**DATASET EXCERPT**
- Opening Delimiter -

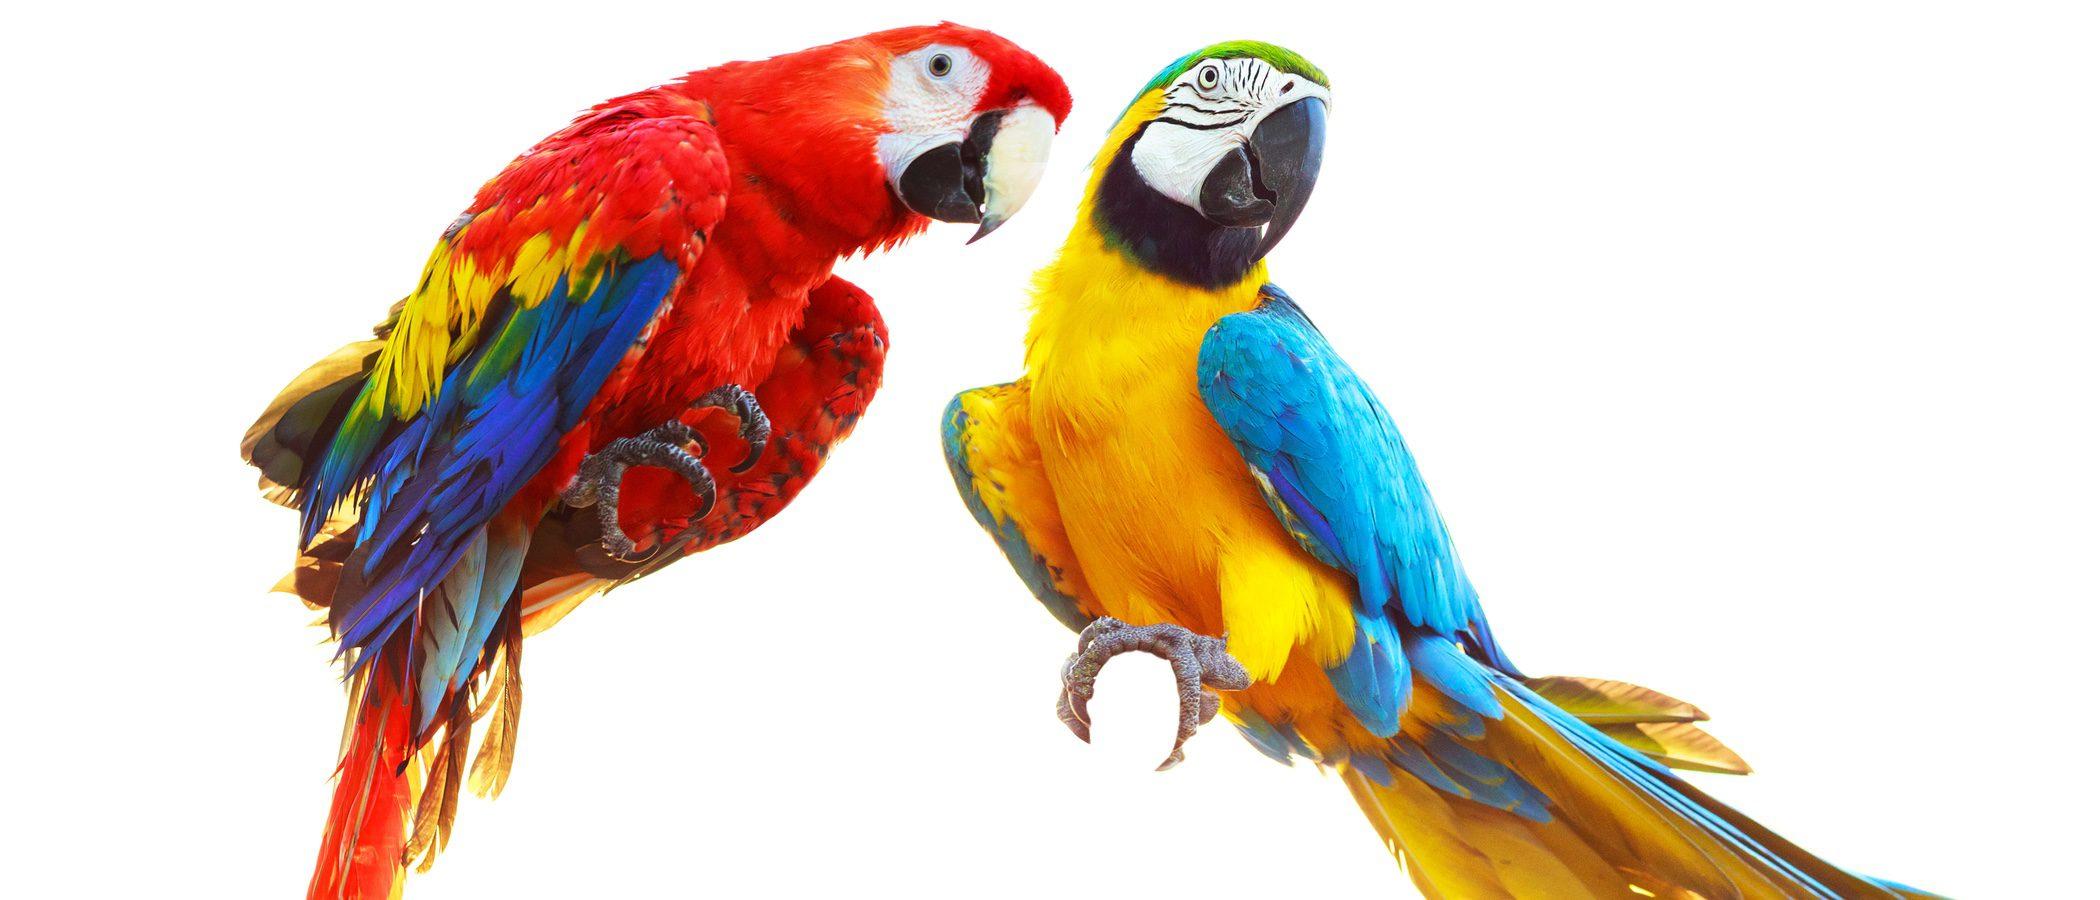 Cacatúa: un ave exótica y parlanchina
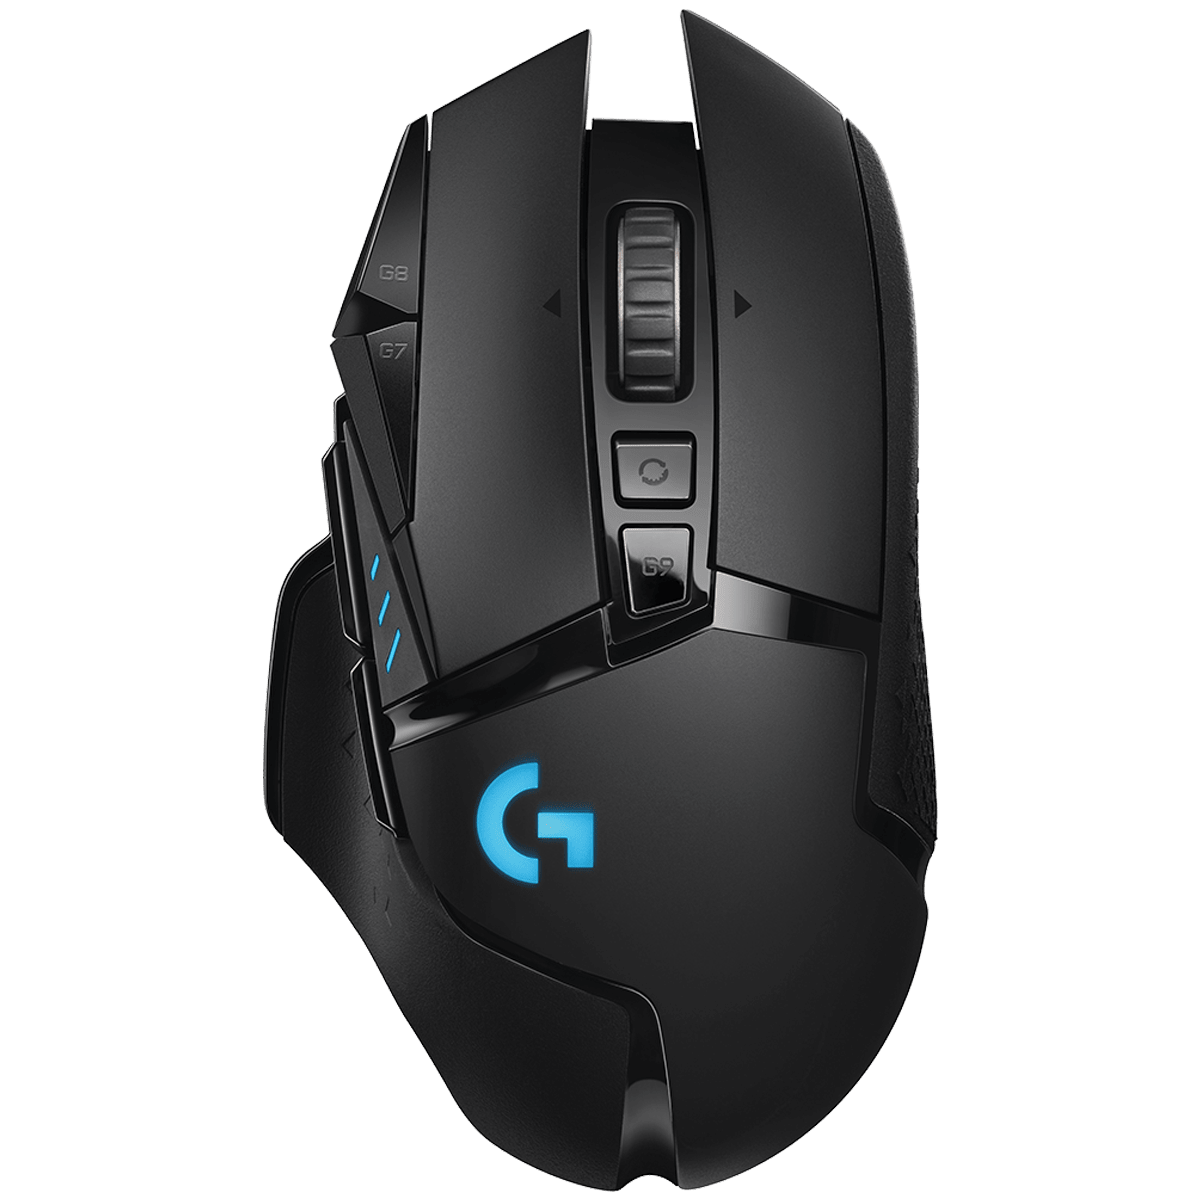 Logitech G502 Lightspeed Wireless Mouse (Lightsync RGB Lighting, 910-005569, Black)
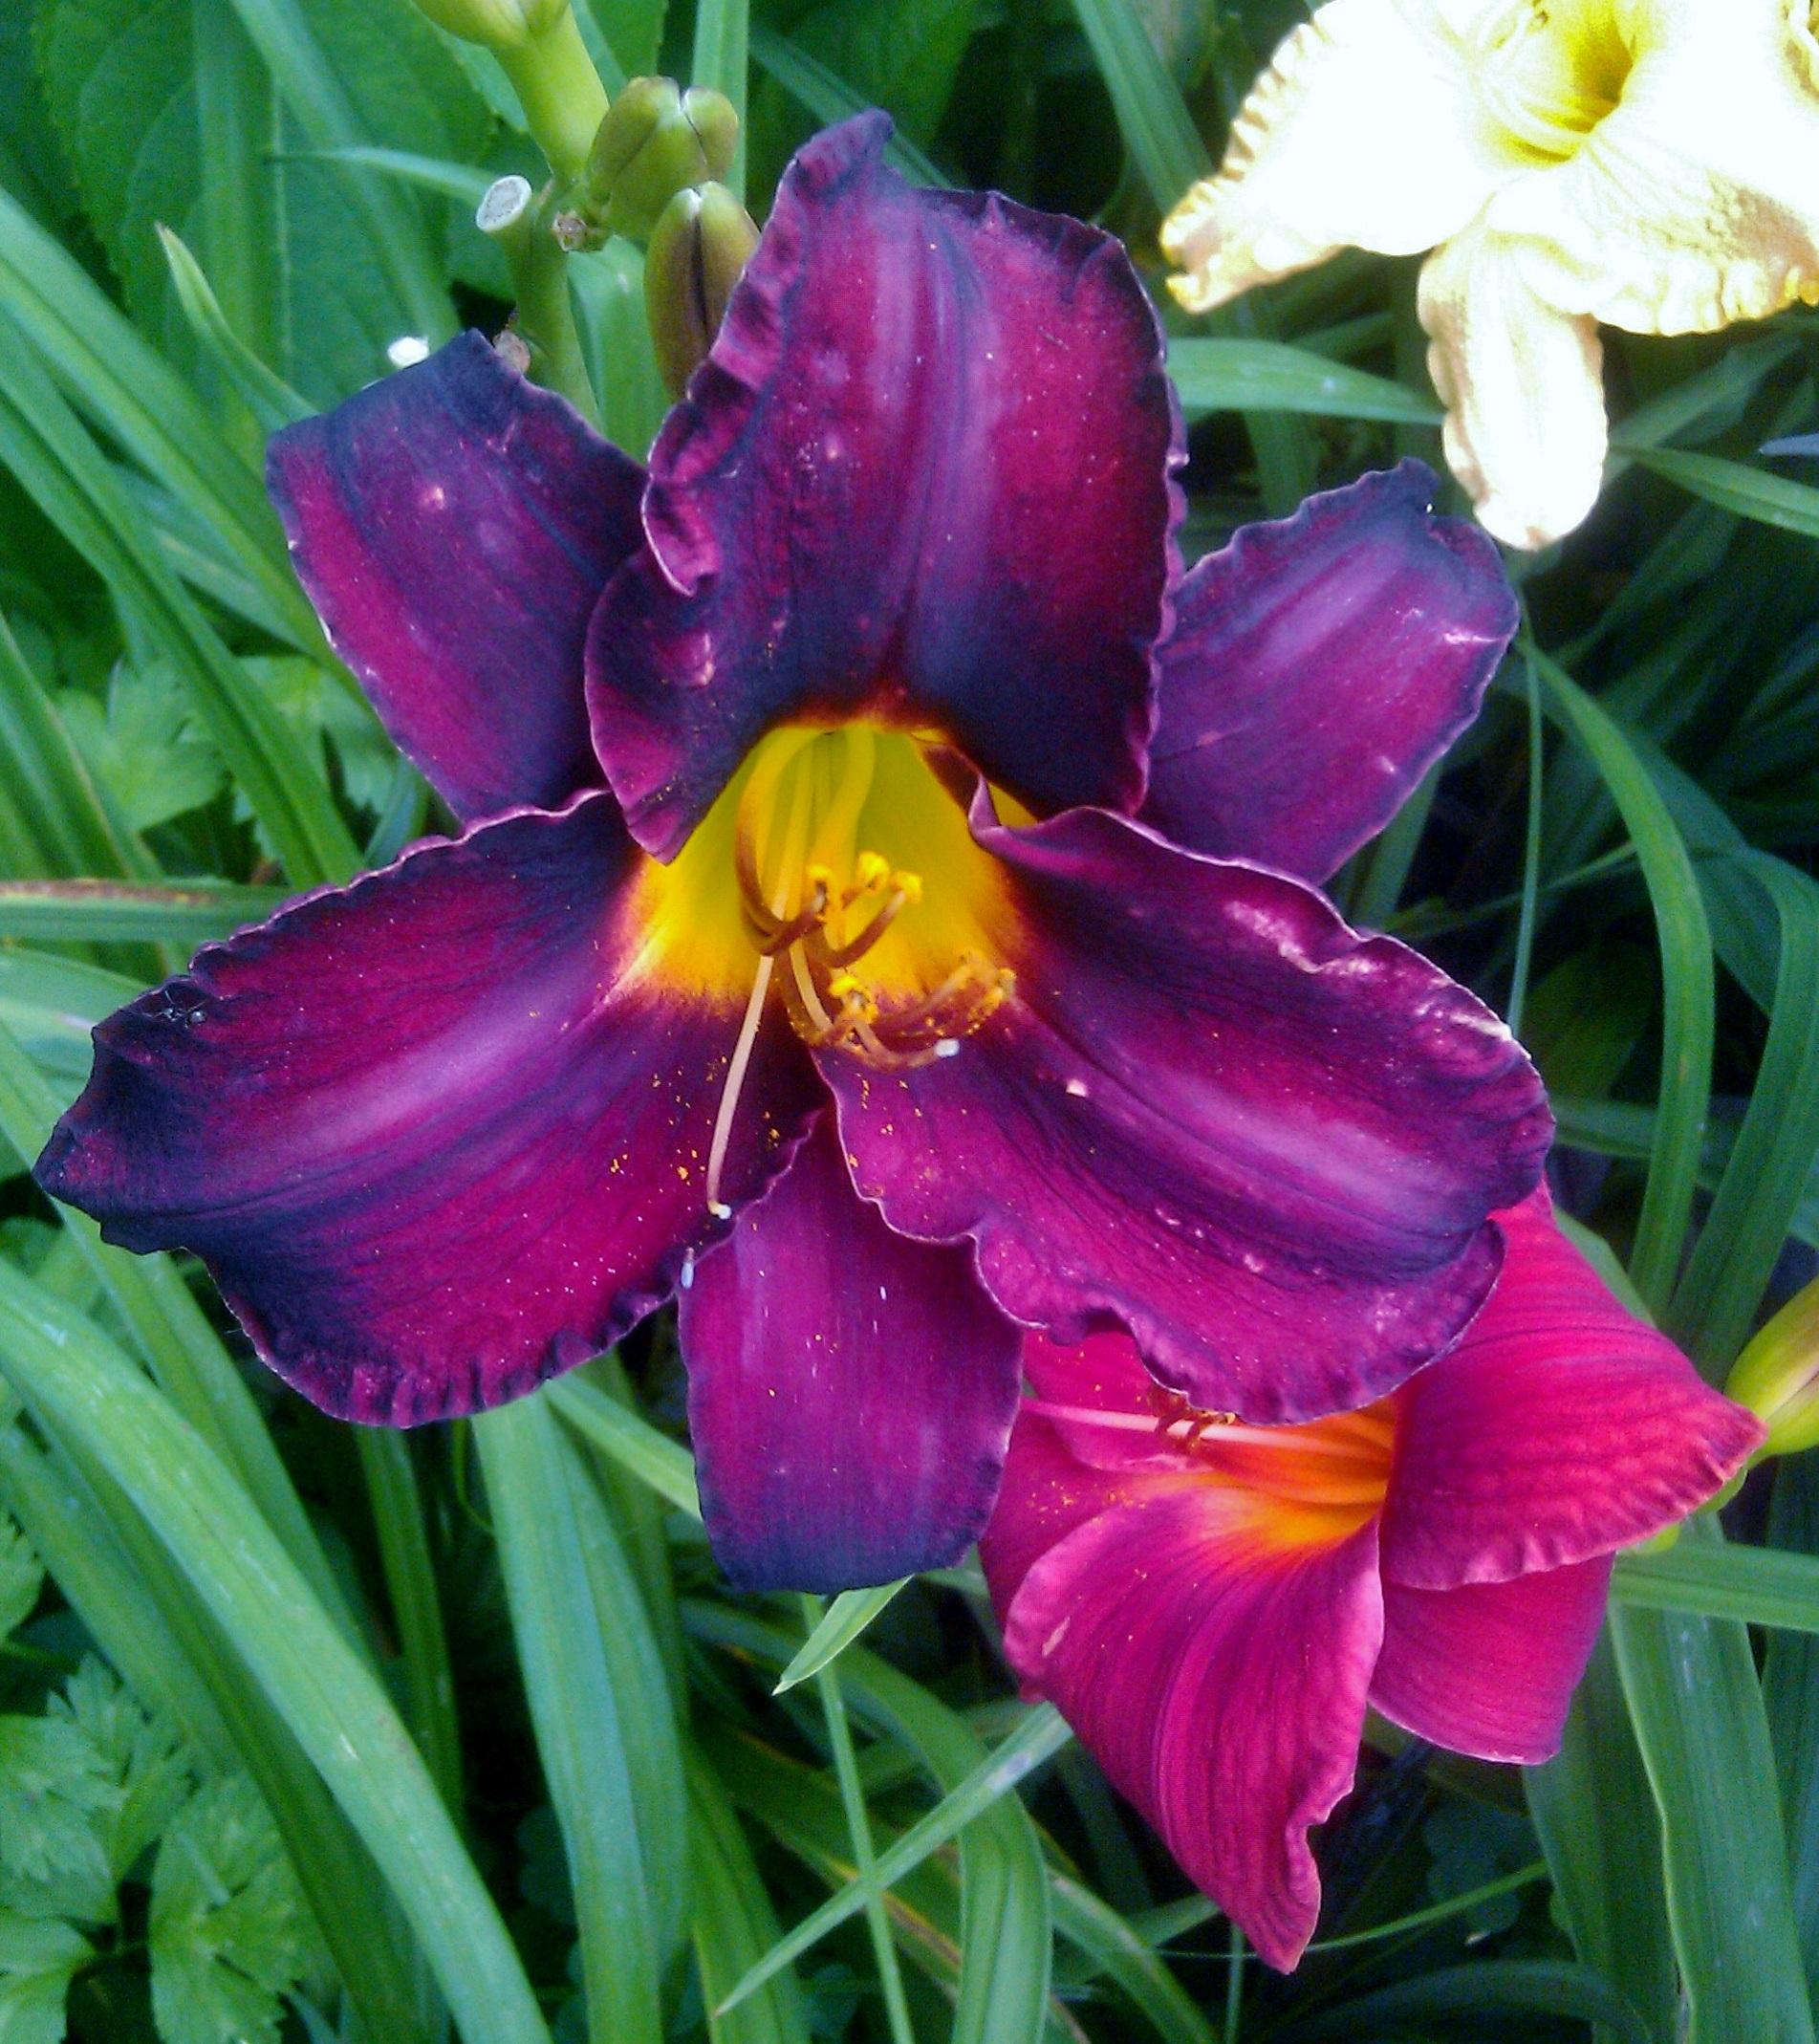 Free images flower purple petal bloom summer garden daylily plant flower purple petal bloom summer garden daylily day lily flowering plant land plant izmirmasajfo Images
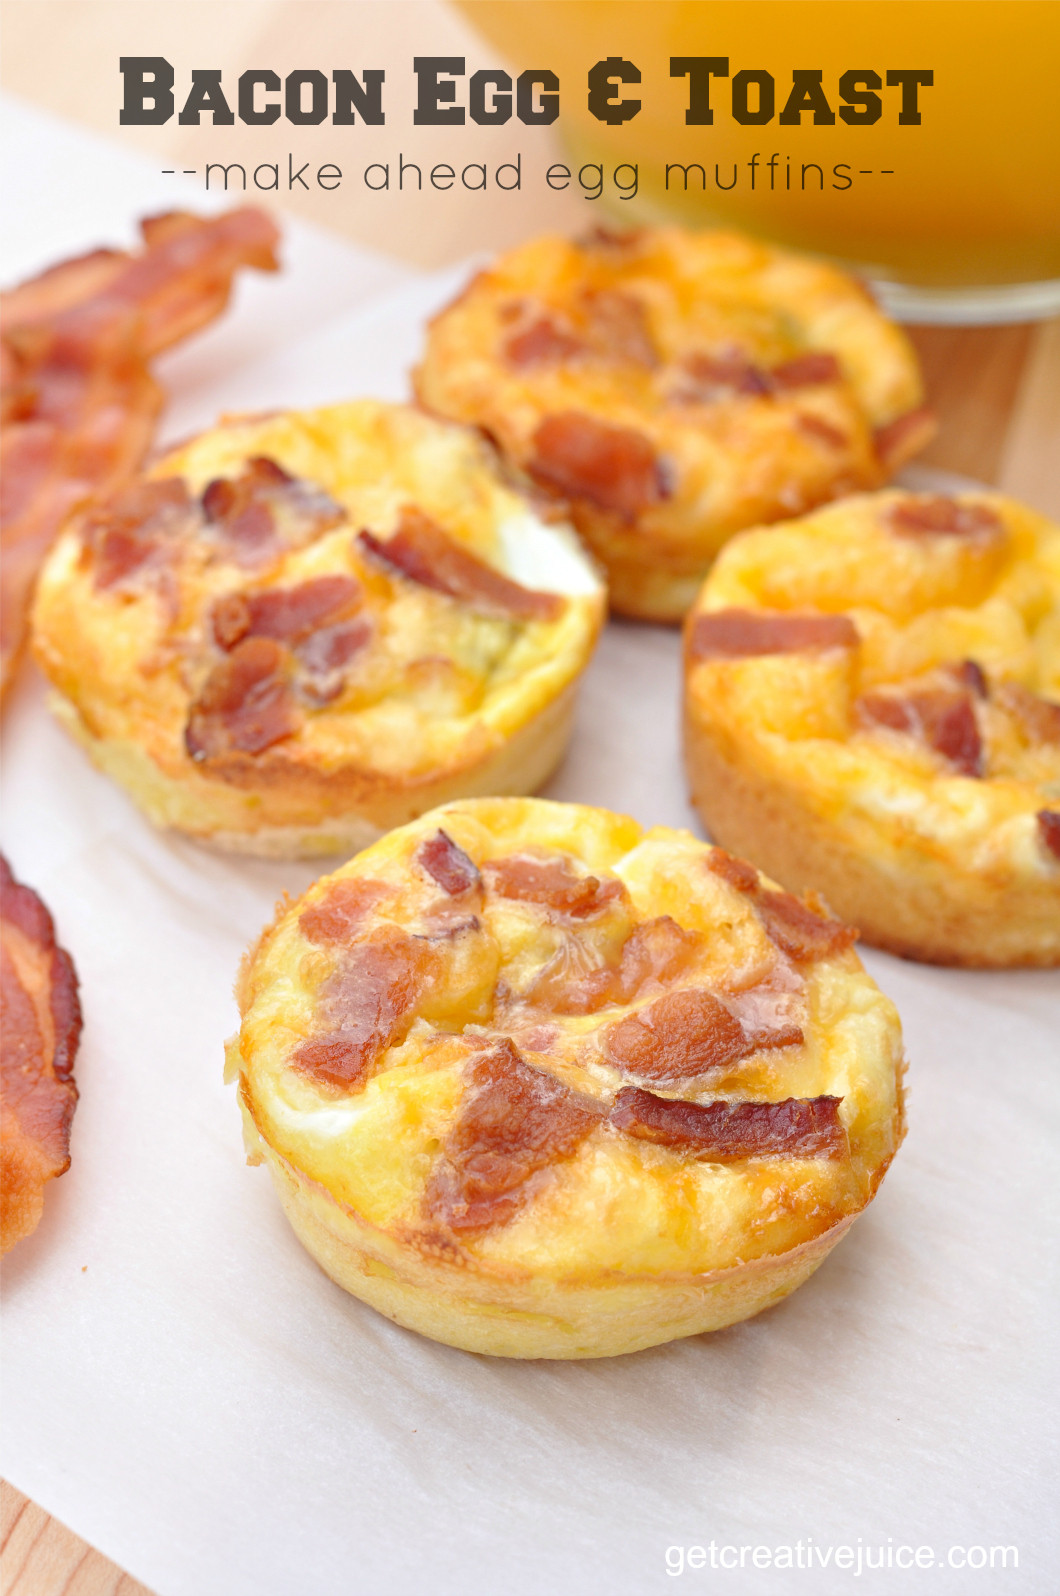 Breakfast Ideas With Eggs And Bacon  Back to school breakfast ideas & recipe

- Closing Delimiter -

**DESCRIPTION OF THE TASK**
Word for word, print the material above, but without its pictures.

**FINAL ANSWER**
 Cacatúa: un ave exótica y parlanchina
 Logitech G502 Lightspeed Wireless Mouse (Lightsync RGB Lighting, 910-005569, Black)
 Free images flower purple petal bloom summer garden daylily plant flower purple petal bloom summer garden daylily day lily flowering plant land plant izmirmasajfo Images
 Breakfast Ideas With Eggs And Bacon  Back to school breakfast ideas & recipe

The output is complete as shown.